Chevy Volt Dealers Claim Buyers’ Tax Credits

A funny thing has been happening with the $7,500 plug-in electric vehicle tax credits that GM has been dangling before prospective buyers of its Chevrolet Volt: In many cases dealers rather than customers have been getting the tax breaks.

The tax credits are supposed to go to buyers of the vehicles to stimulate demand for alternative energy cars. But instead, dealers have been able to claim the tax credits by selling the Volt to each other and then reselling the vehicles as used cars to customers, with low mileage on the odometer. Technically, the tax credits are supposed to go to the buyers, but it isn’t illegal for the dealerships to claim them. However, they are supposed to inform customers that the tax credit is not available to them when someone else is claiming the credit for that car.

Last week, the Los Angeles Times reported that some dealerships in California are selling the Volt to customers for up to $20,000 more than GM’s $41,000 suggested retail price, making the tax credits an even more necessary incentive for buyers. GM is claiming that the cars are in high demand, which would make sense given the recent spike in gasoline prices. As gas prices are starting to head back down, though, that may well temper demand for the vehicles. The cars are supposed to get the equivalent of 93 miles per gallon on an electric charge, or 37 on gas.

Nevertheless, as Mark Modica of the National Legal and Policy Center first noted on the NLPC’s blog, the cars are readily available, and GM is nowhere near up to producing them at capacity. Modica also wrote in a follow-up post that the car maker claims to be able to produce 17,000 Chevy Volts per year, but it managed to sell only about 425 per month in the first four months of this year. You can find a link to a Fox Business video and to the NLP blog posts about the issue on the TaxProf blog here.

GM told Automobile magazine and Motor Trends that the two dealers identified by the NLPC so far have been forthcoming to their customers about the tax credits being claimed, and that some of the dealers who have been selling the cars as used don’t have the right to sell them as new anyway.
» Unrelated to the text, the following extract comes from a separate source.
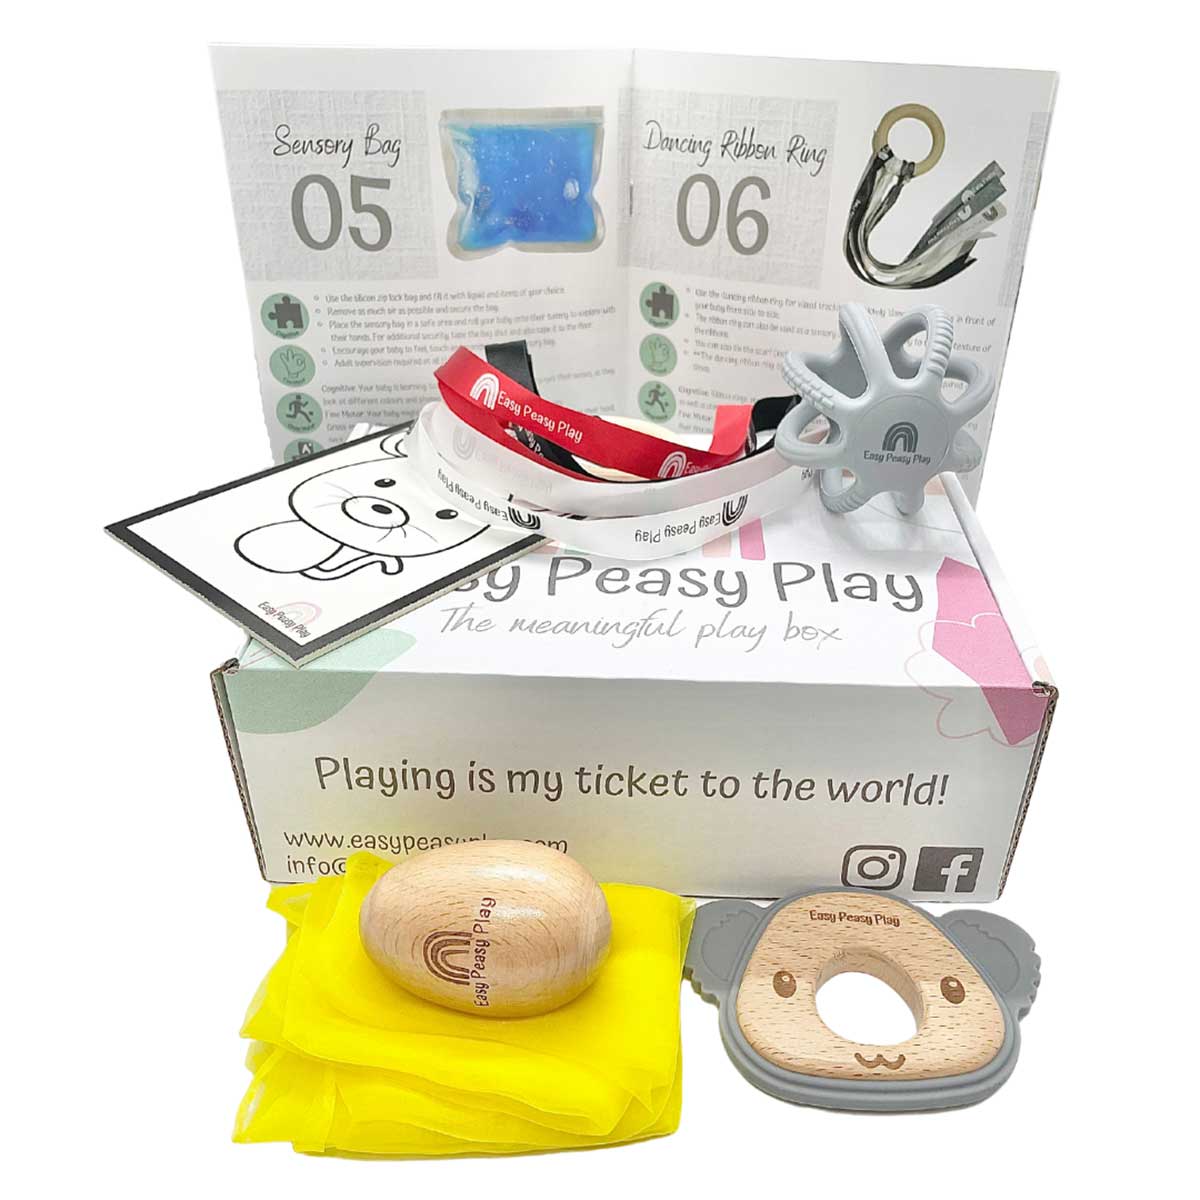 Meaningful Play Box from Easy Peasy Play

One was a Kia dealership and the other wasn’t allowed to sell the car as new in Illinois, which is apparently outside the Volt’s “launch markets.”

Be that as it may, it’s easy to imagine that many auto dealers would be less than forthcoming about whether the tax credits could be claimed, and would encourage customers to go ahead and claim the tax credits anyway.

It isn’t clear if the IRS has the ability to closely track which vehicles have had the tax credit claimed more than once. The NLPC noted that the IRS form for the tax credit currently lacks a space for a vehicle identification number and suggested that the IRS add a space on the form to keep the credits from being claimed twice.

If double-claiming of tax credits for hybrid electric plug-in vehicles becomes a problem, the IRS may decide to not only revise the forms, but also start requiring taxpayers to document that they bought the vehicles as new and that the dealer has certified that the tax credit hasn’t already been claimed. That could be an extra record-keeping burden for accountants and tax preparers to worry about, but it could also keep their clients from being penalized for claiming tax credits that a dealer has already claimed for himself.